## INPUT DATA
-- Opening Marker --

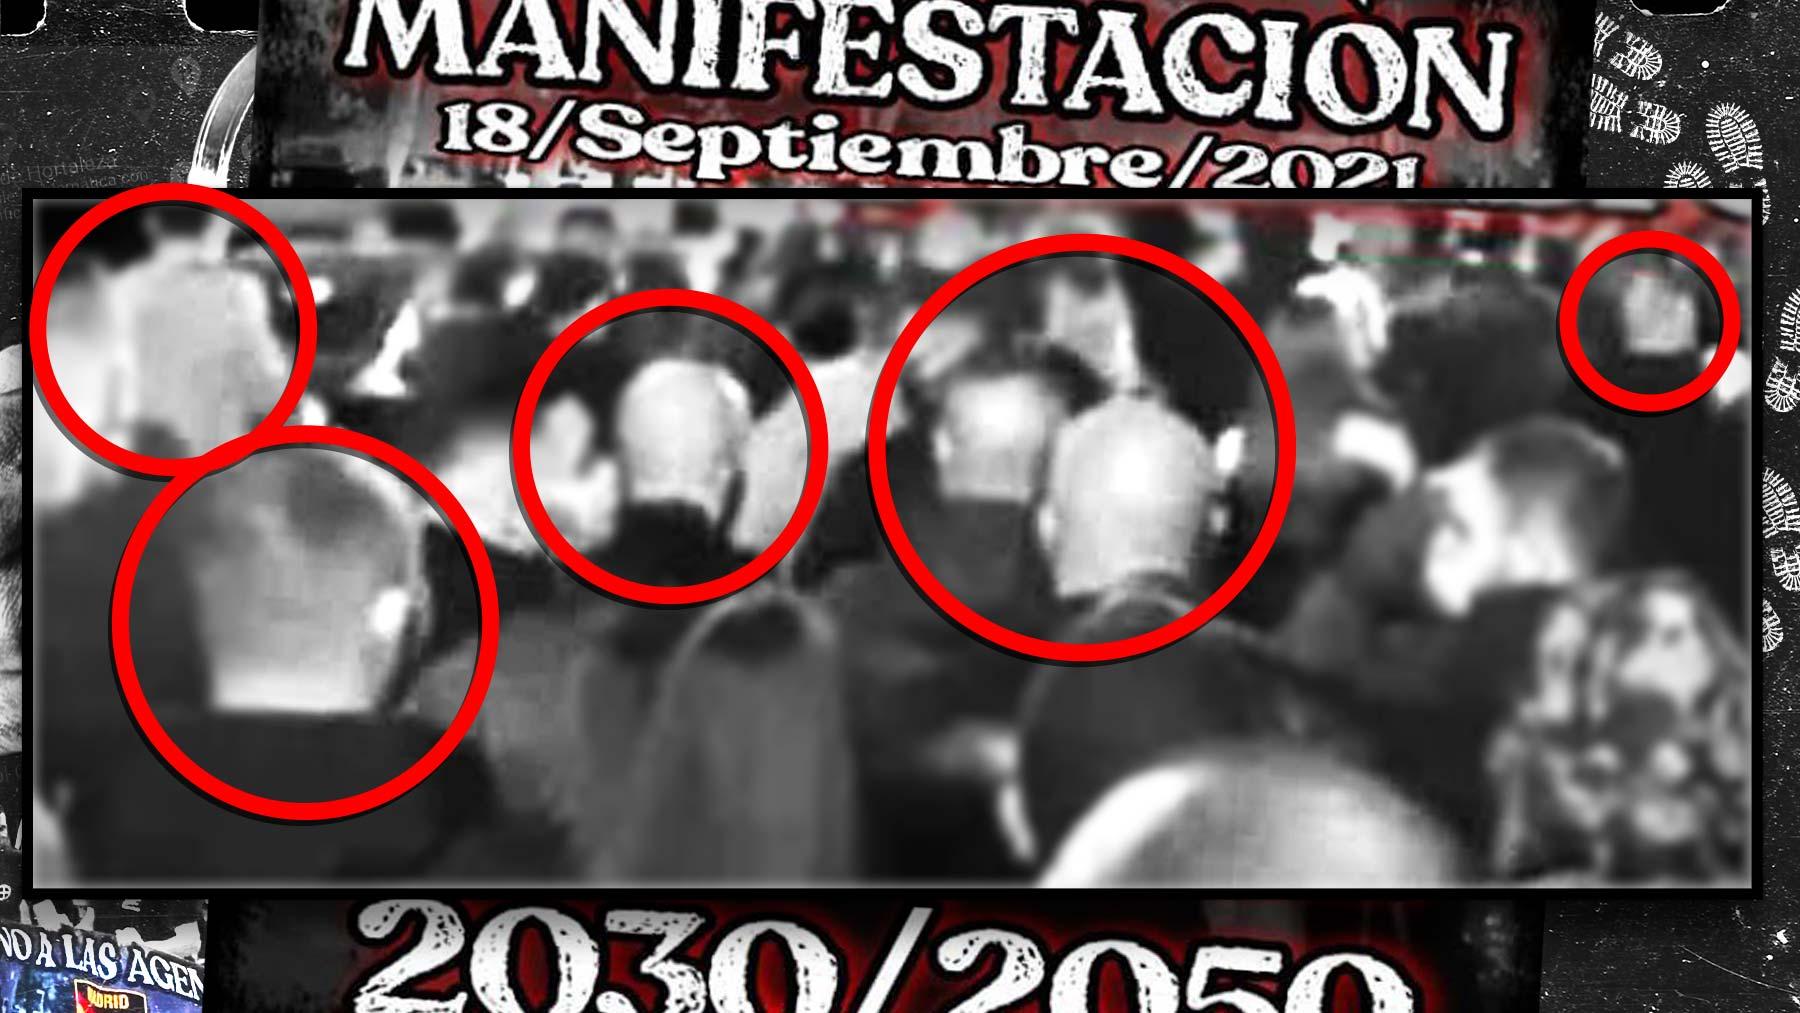 El detalle del cartel con estética neonazi de la marcha de Chueca.
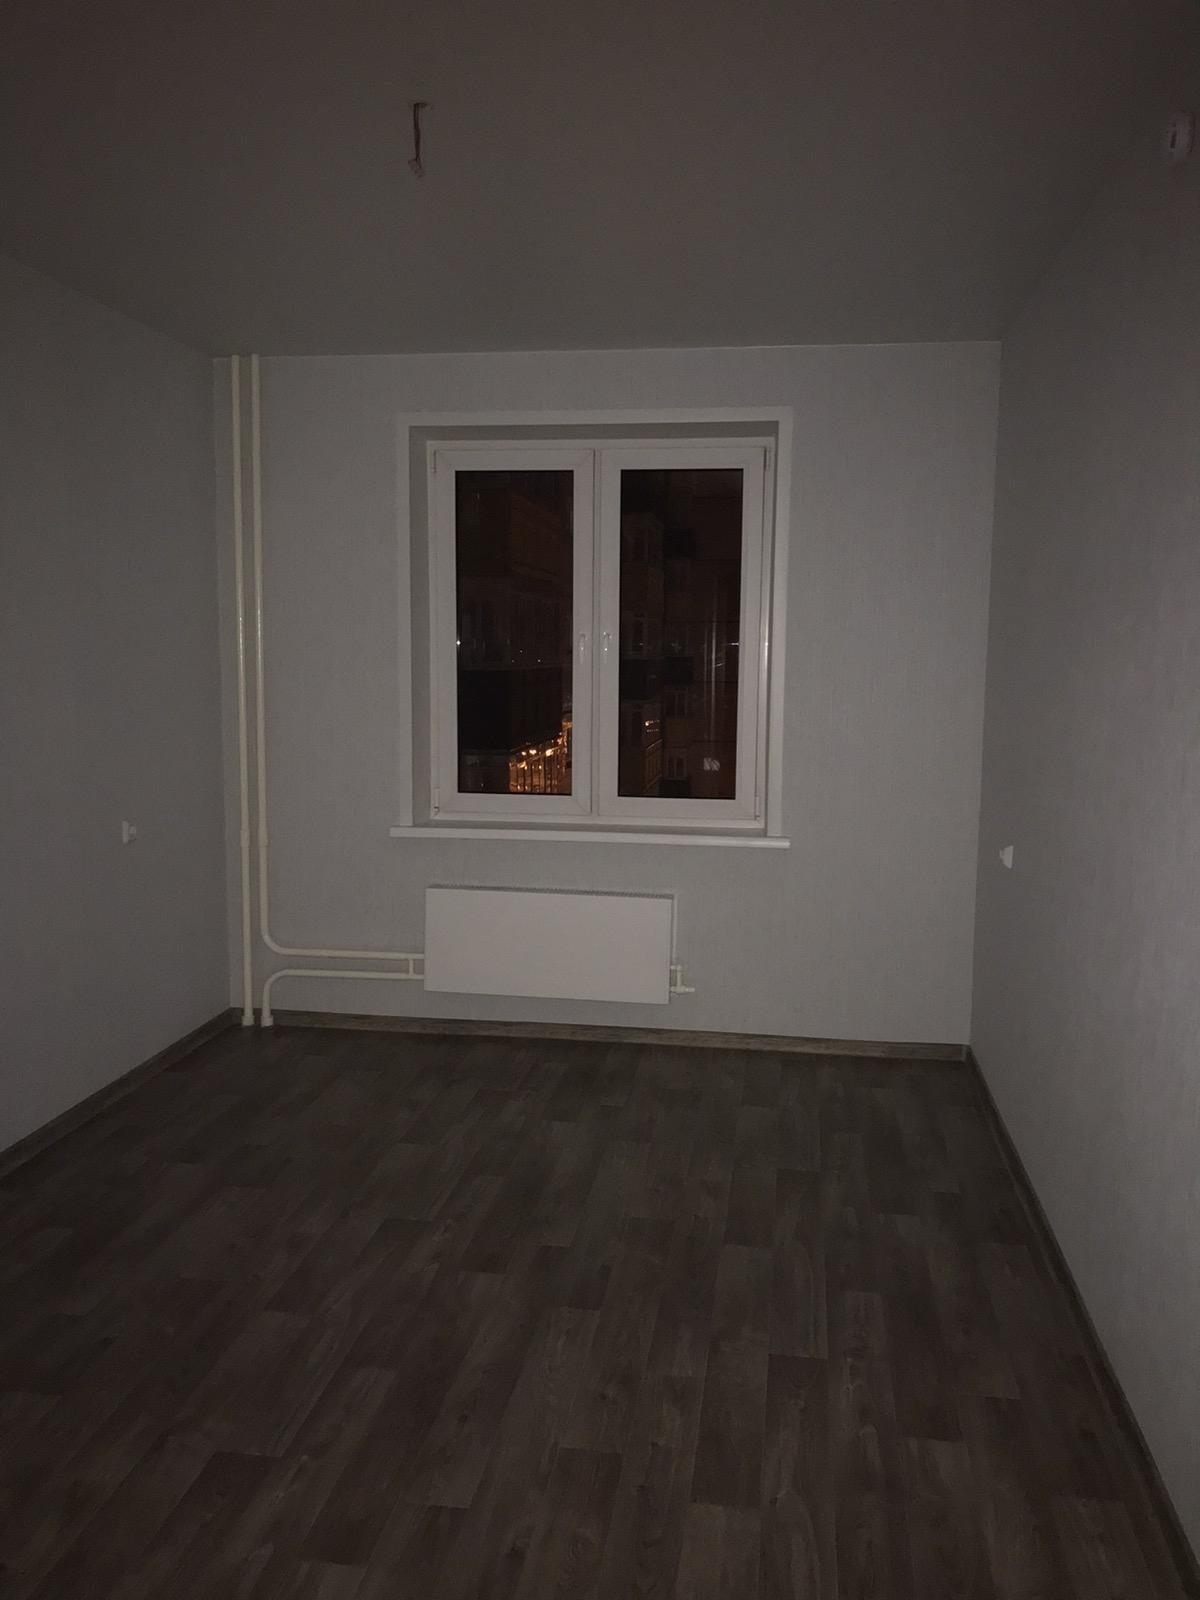 3к квартира улица Партизана Железняка, 40б   22000   аренда в Красноярске фото 0
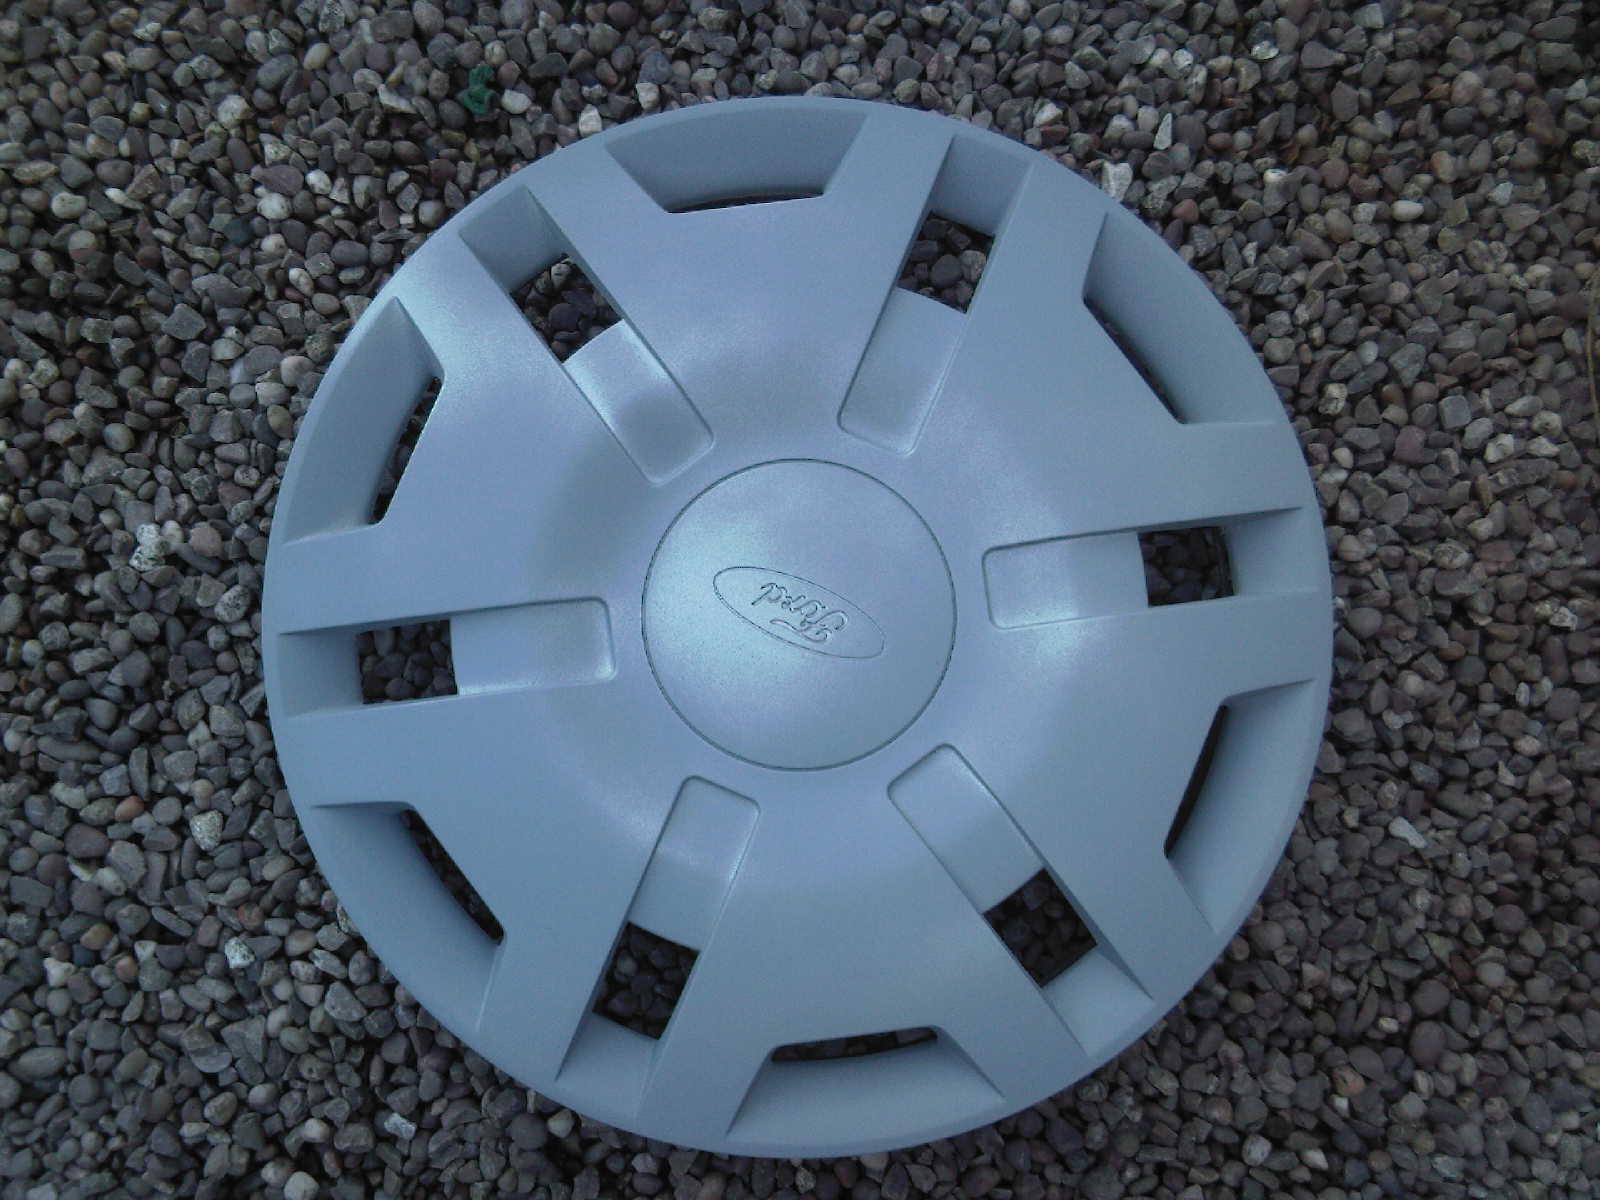 Fiesta Wheel Trim

-- Closing Marker --

## TASK REQUIREMENTS
Repeat the listing word for word, omitting the pictures.

## SOLUTION TO THE EXERCISE
 El detalle del cartel con estética neonazi de la marcha de Chueca.
 3к квартира улица Партизана Железняка, 40б   22000   аренда в Красноярске фото 0
 Fiesta Wheel Trim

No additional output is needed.